Why this matters: real audio pipelines push whatever chunk size the upstream device or decoder produced. A pipeline that only works at one specific chunk size isn't a streaming pipeline — it's a buffered pipeline pretending. Determinism across chunk sizes lets a Tokio task push 64-frame audio bursts and a unit test push the same audio in one 65k-frame call, and assert they match.
### How the analyzer maintains it
The K-weighting biquad's state is its `(x_z1, x_z2, y_z1, y_z2)` quadruple — those are the *only* values that carry information across a `push_*` call boundary. When you push N samples, the filter consumes N inputs, produces N outputs, and the new state is unique to N regardless of how N was split.
The block accumulator carries `(samples_in_current, sum_sq_per_channel)`. Same property: split samples or not, the partial sum at any boundary is the partial sum.

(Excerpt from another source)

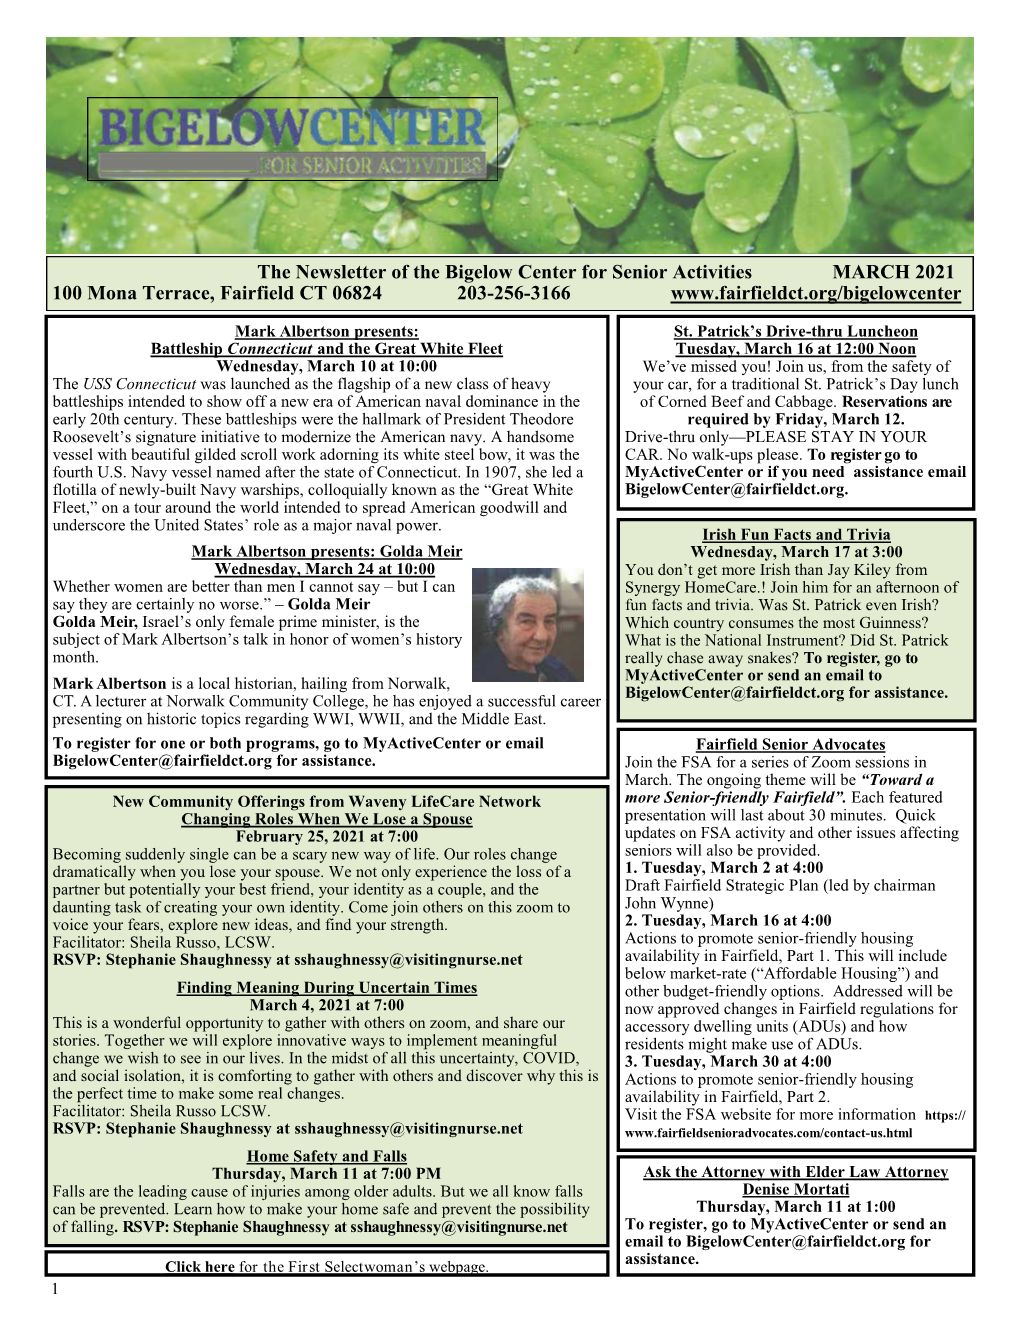 The Newsletter of the Bigelow Center for Senior Activities MARCH 2021 100 Mona Terrace, Fairfield CT 06824 203-256-3166

The momentary / short-term ring buffers update only when the 100 ms block fires, which is a deterministic function of total samples ingested. The programme buffer for Integrated and the short-term-samples buffer for LRA likewise.
### The proof, in one sentence
Every state-carrying buffer in the analyzer is updated from a deterministic, position-dependent function of the input — there is no path in the code that branches on chunk boundaries. `examples/05_streaming_chunks.rs` runs this assertion at 1e-9 tolerance against four chunk sizes (64, 1024, 9600, 65535) and prints `✓` if they match.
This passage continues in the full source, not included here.